Amaç: Çalışmamızın amacı kliniğimizde suprakondiler humerus kırığı tanısı alarak cerrahi olarak tedavi edilen ve cerrahi sonrası poliklinik takibi yapılan hastalardan açık ve kapalı redüksiyon uygulananların tedavi sonuçlarının retrospektif olarak değerlendirilmesi ve karşılaştırılmasıdır.
Gereç ve Yöntemler :2014 –2020 tarihleri arasında kliniğimizde suprakondiler humerus kırığı tanısı ile cerrahi tedavi uygulanmış 2-10 yaş arası çocuklar değerlendirmeye alındı. Kırık redüksiyonu kapalı uygulanan (Grup 1) ve açık uygulanan (Grup 2) olarak iki gruba ayrılan hastaların klinik ve radyolojik sonuçları retrospektif olarak değerlendirildi. Bu değerlendirme için Flynn kriterleri kullanıldı. Kırıkların sınıflandırılmasında Gartland sınıflandırması kullanıldı.
Bulgular : Hastaların 64 (%44,4)’ü kız, 80 (%55,6)’i erkek idi. Hastaların yaş ortalaması 5,39±2,22’dir. 108 (%75) hasta kapalı redüksiyon sonrası perkütan pinleme (Grup 1) ile, 36(%25) hasta açık redüksiyon ile perkütan pinleme (Grup 2) tekniği ile tedavi edildi. Yapılan istatistiksel değerlendirmede; gruplar arasında Flynn kriterleri-kozmetik faktörler yönünden anlamlı farklılık bulunmuştur(p=0,004). Grup 2’de kozmetik faktörün orta-kötü olma sıklığı %13,9 iken, Grup 1’de %0,9 dur. Gruplar arasında ‘’Flynn-Fonksiyonel faktör’’ yönünden incelendiğinde aralarında anlamlı fark bulunamamıştır (p=0,057).

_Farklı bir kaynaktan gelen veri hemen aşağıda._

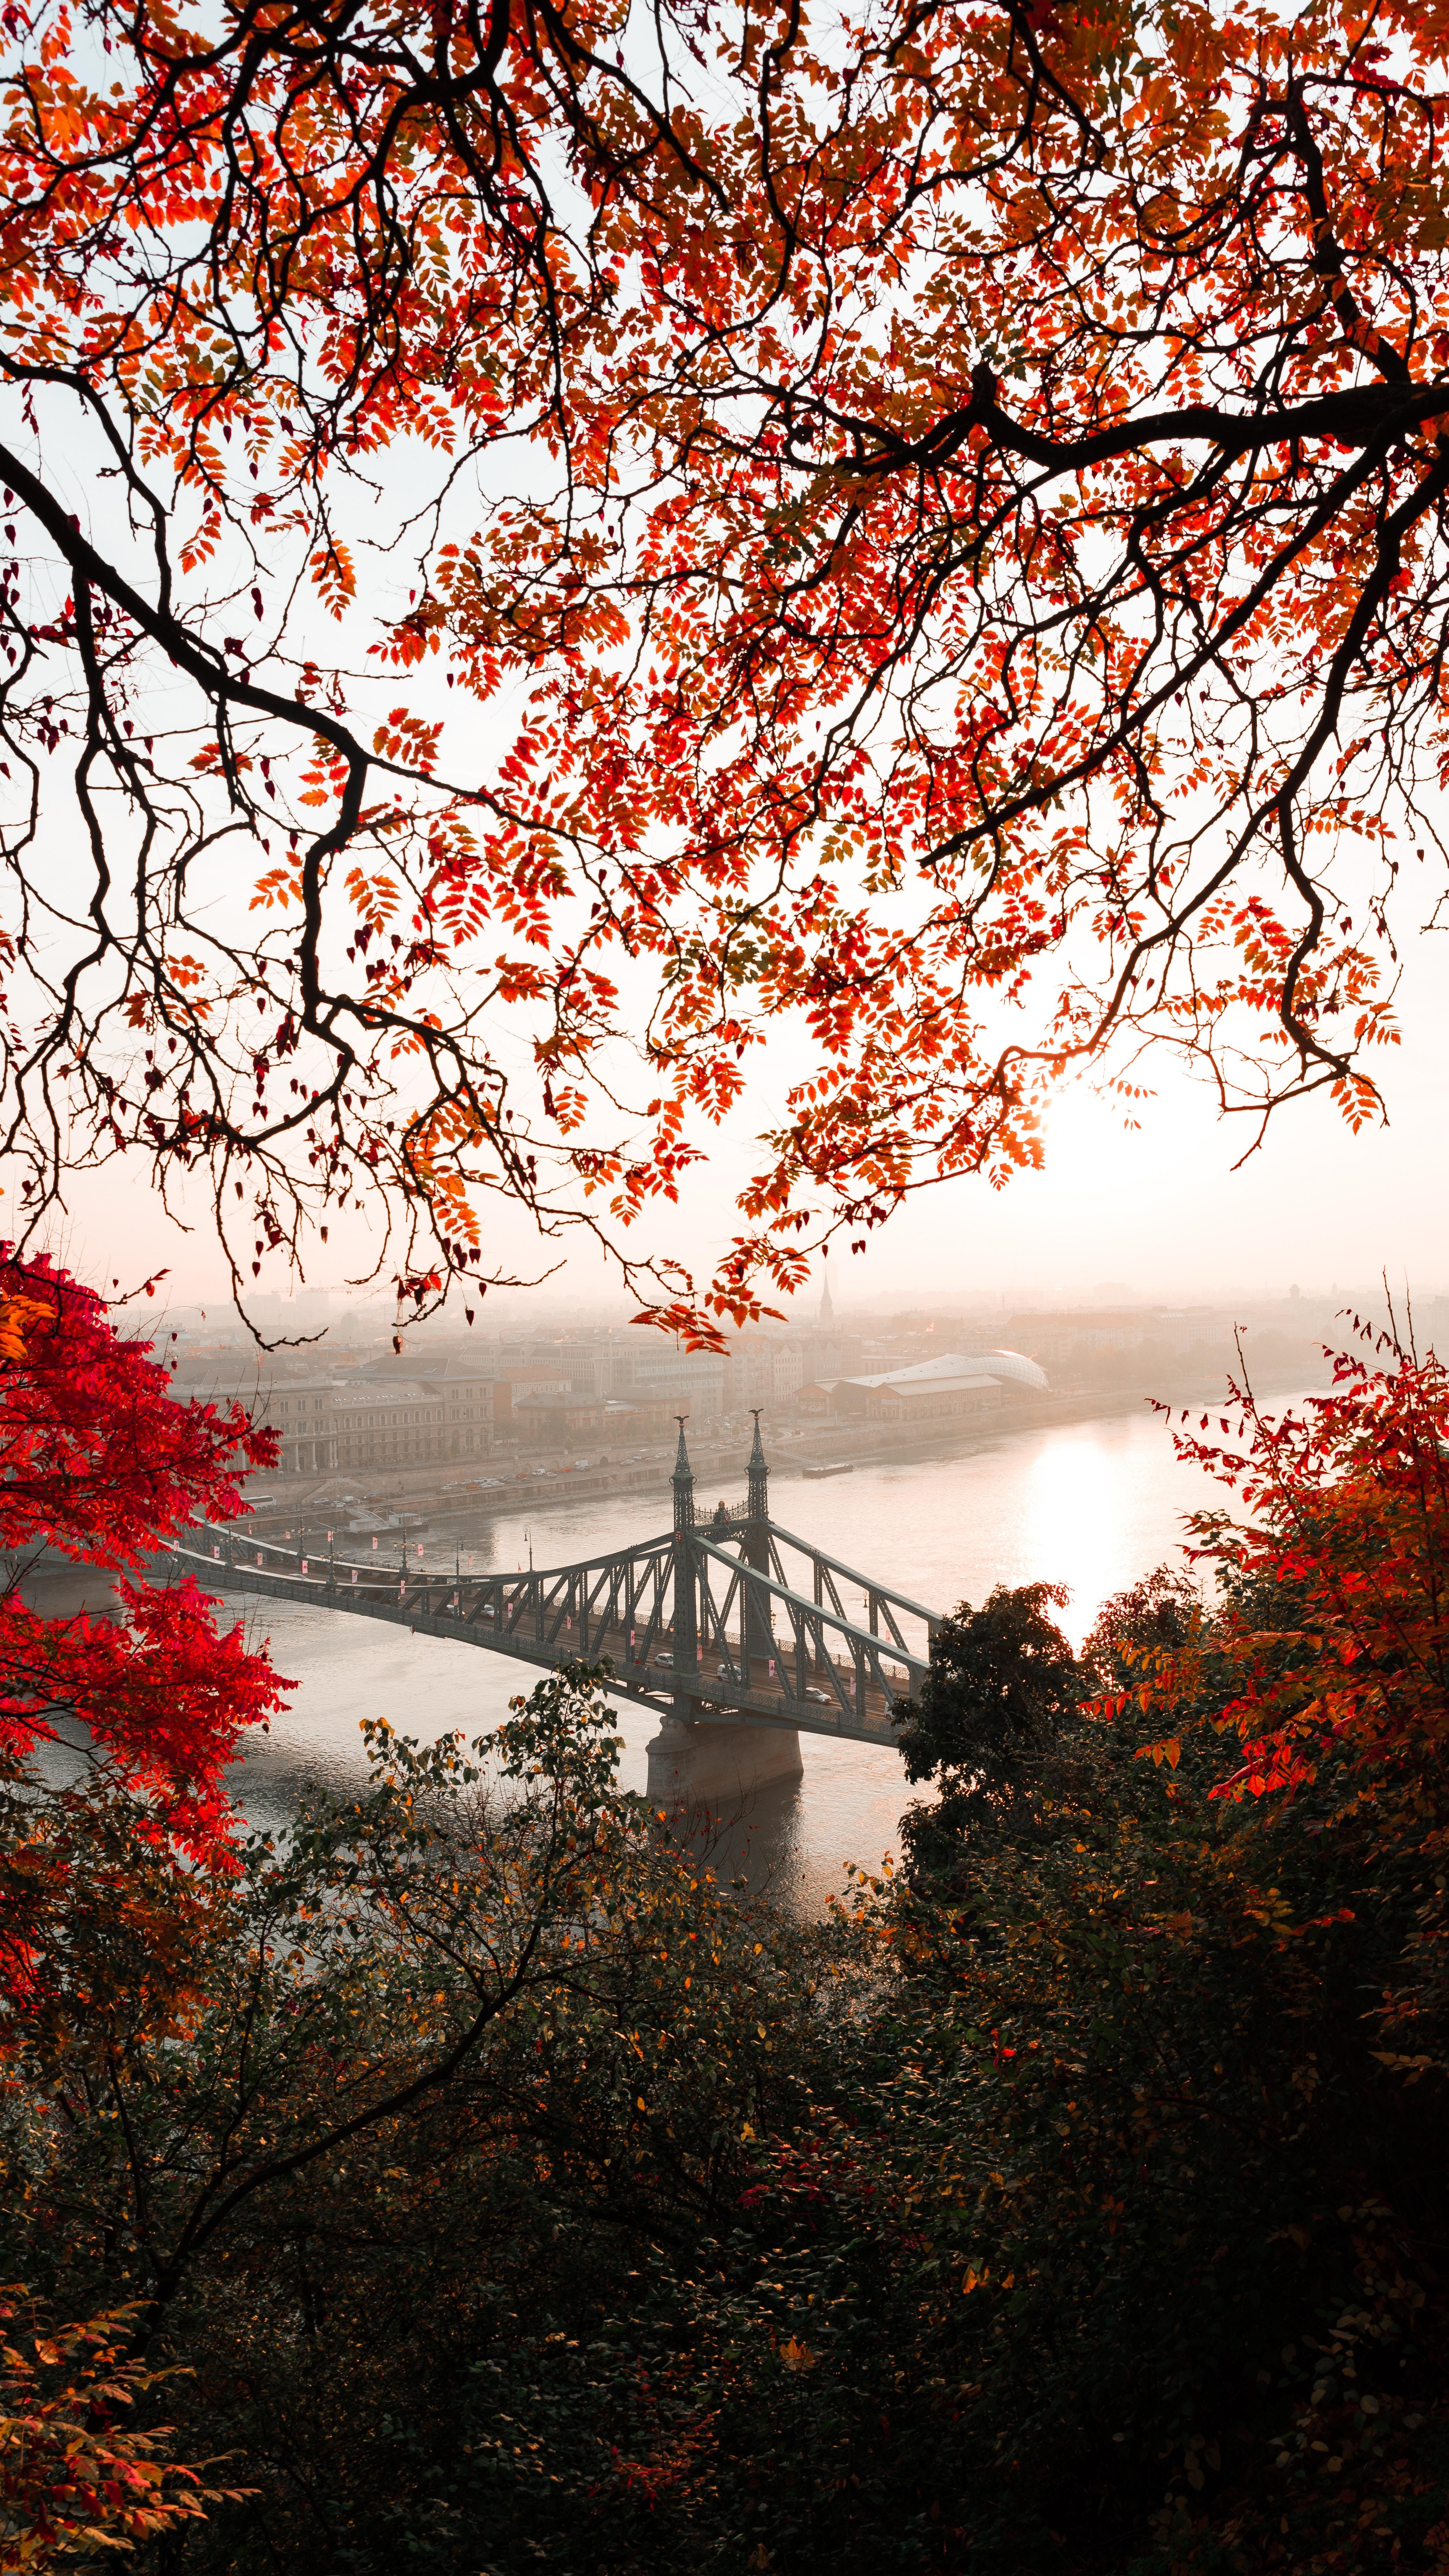 134435 Заставки и Обои Города на телефон. Скачать Мост, Осень, Город, Цитадель, Будапешт, Венгрия, Города картинки бесплатно

Sonuç: Suprakondiler humerus kırıklarının tedavisinde amaç dirsek eklem hareket açıklığını tam olarak sağlamak, nörovasküler yaralanmaların önüne geçerek fonksiyonel ve kozmetik açıdan mükemmel sonuçlar elde etmektir. Açık redüksiyonun komplikasyonlarından kaçınmak bakımından ilk tercih kapalı redüksiyon ve perkütan fiksasyon olmasına karşın kapalı redüksiyon sağlanamayan kırıklarda açık redüksiyon uygulanabilir. Uygun kırık redüksiyonu sağlanarak stabil kırık tespiti yapıldığında her iki yaklaşımda da sonuçlar benzer ve tatminkardır.

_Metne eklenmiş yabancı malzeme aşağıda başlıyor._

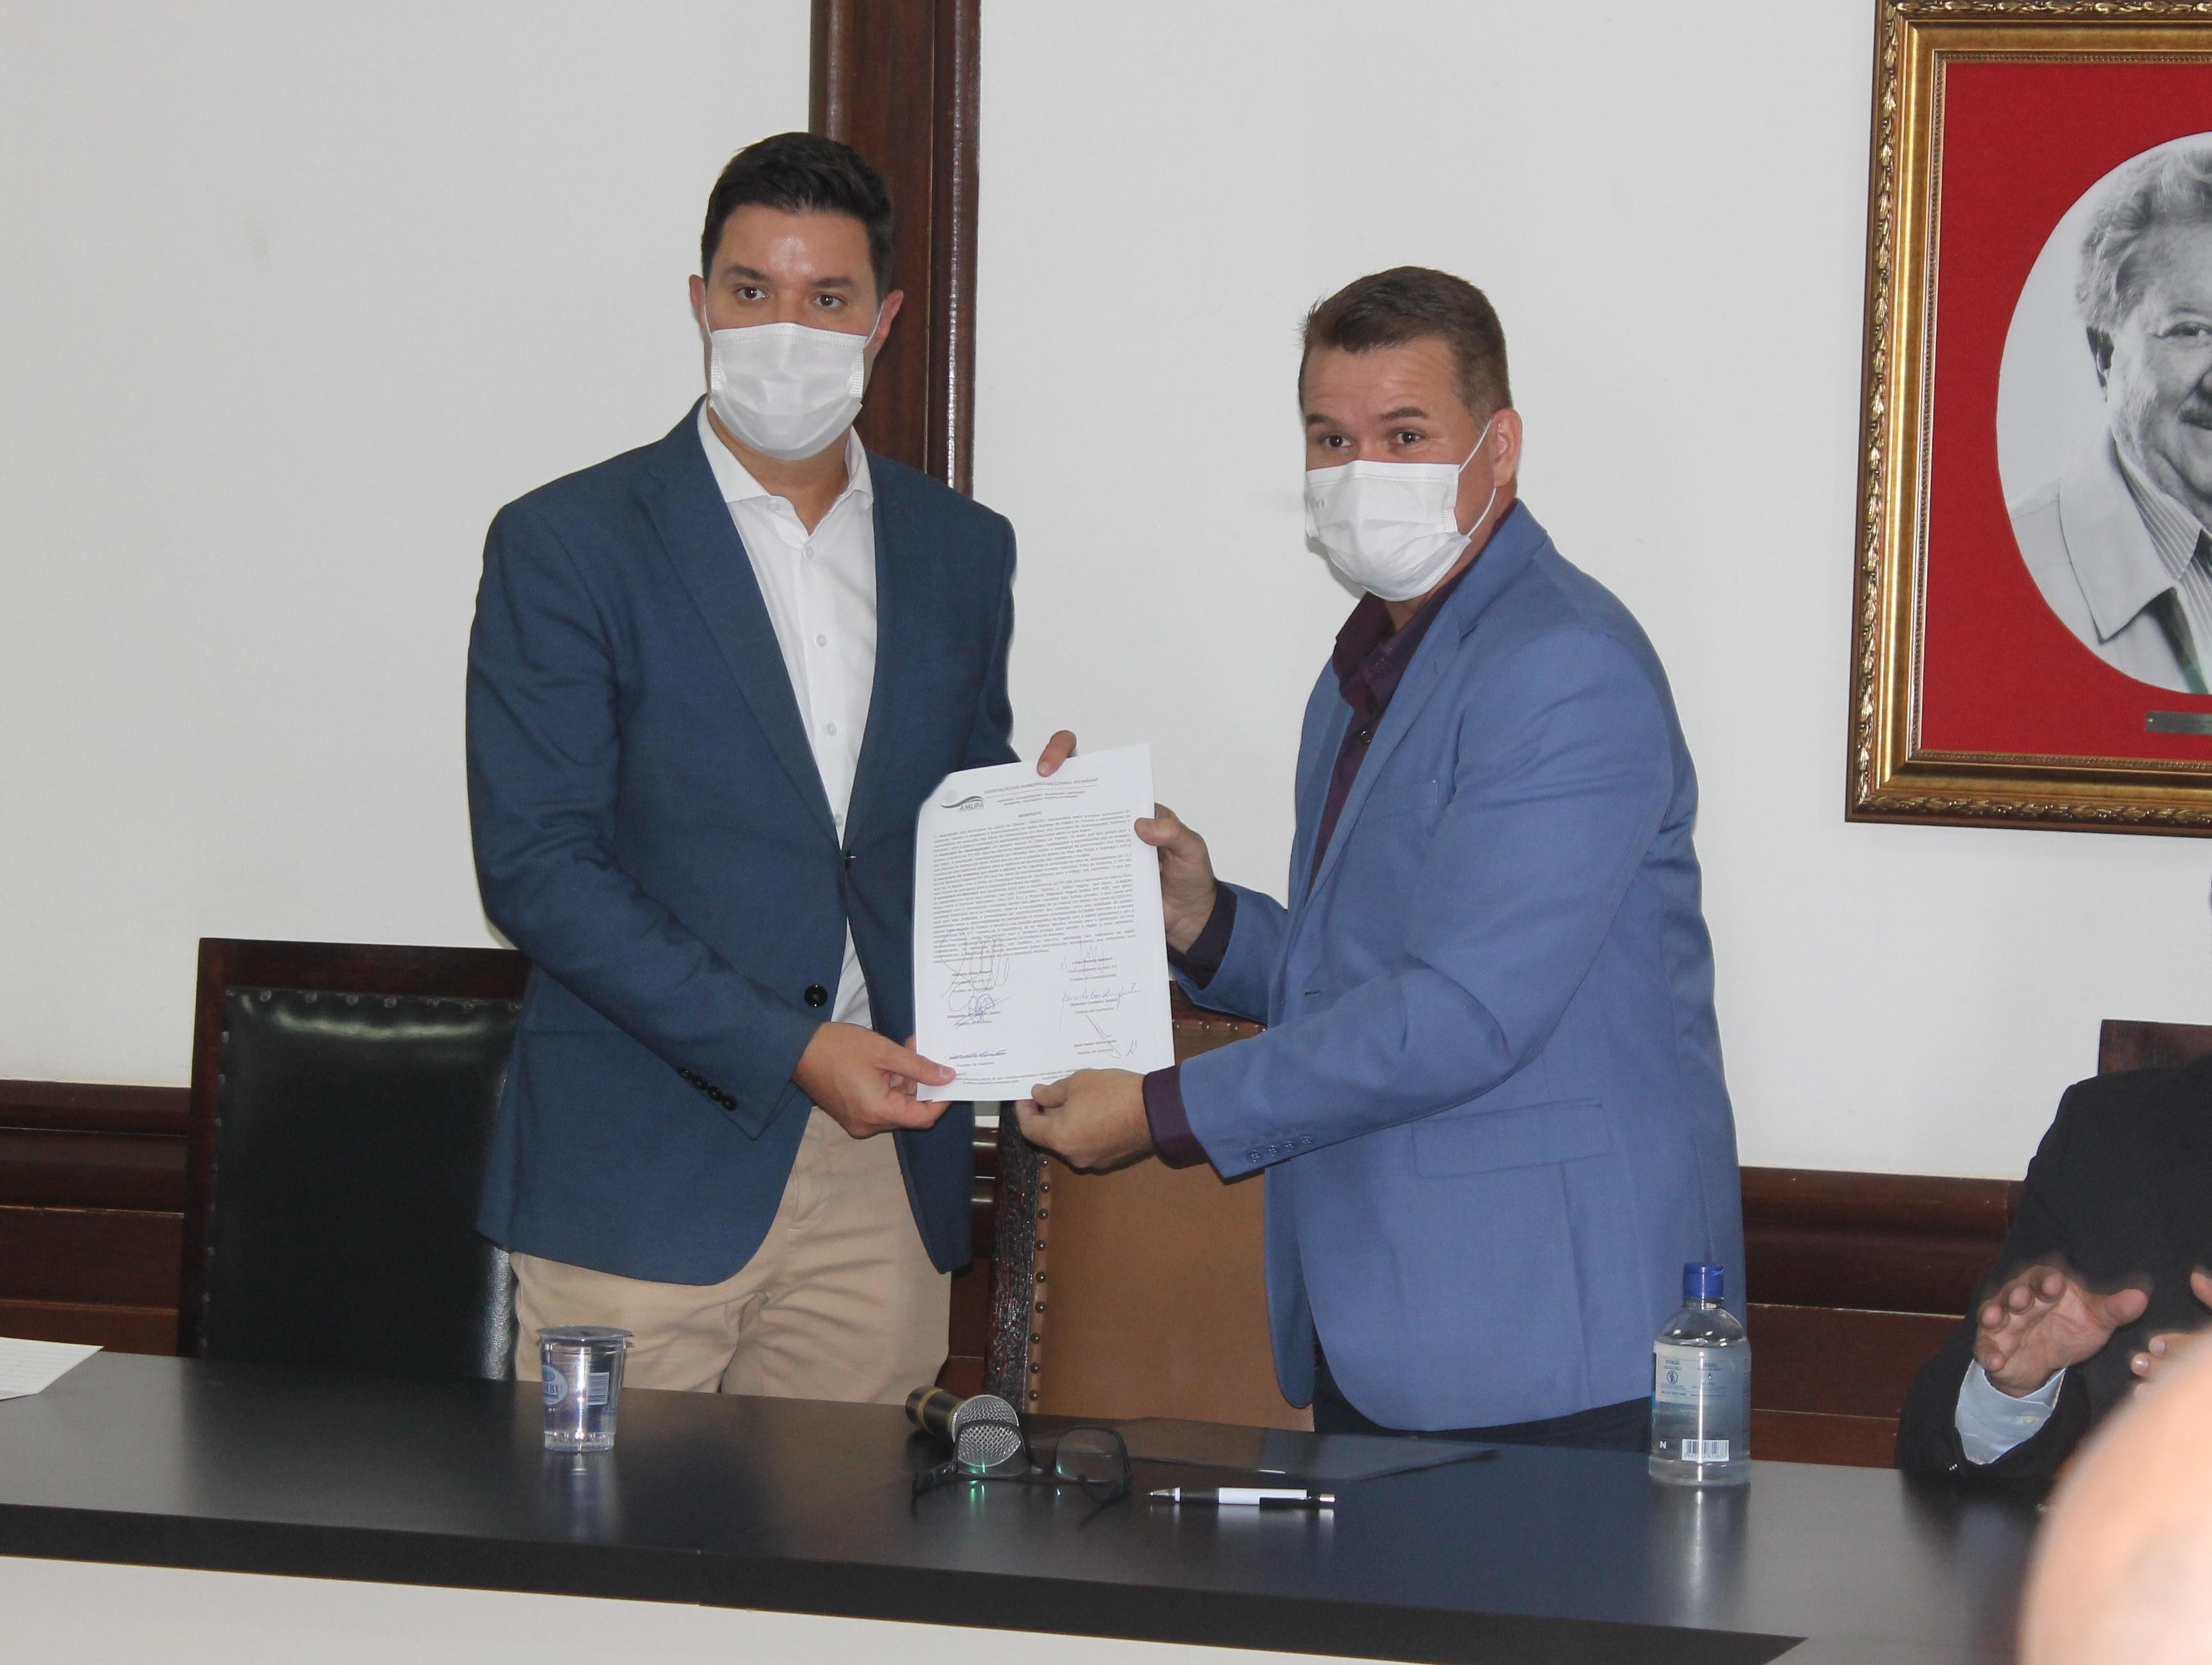 Prefeito de Paranaguá apresenta demandas a representante do Governo

Percutaneous Pinning Results in Pediatric Supracondylar Humerus Fractures
Objective: The aim of our study is to retrospectively evaluate and compare the treatment results of patients who underwent open and closed reduction among the patients who were diagnosed with supracondylar humerus fractures and treated surgically and were followed up in the outpatient clinic after surgery.
Material And Methods: Children, aged 2-10 years, who underwent surgery with the diagnosis of supracondylar humerus fracture between 2014 and 2020 were evaluated. The clinical and radiological results of the patients who were divided into two groups as closed fracture reduction (Group 1) and open (Group 2) were retrospectively evaluated. Flynn criteria were used for this evaluation. Gartland classification was used for the classification of the fractures.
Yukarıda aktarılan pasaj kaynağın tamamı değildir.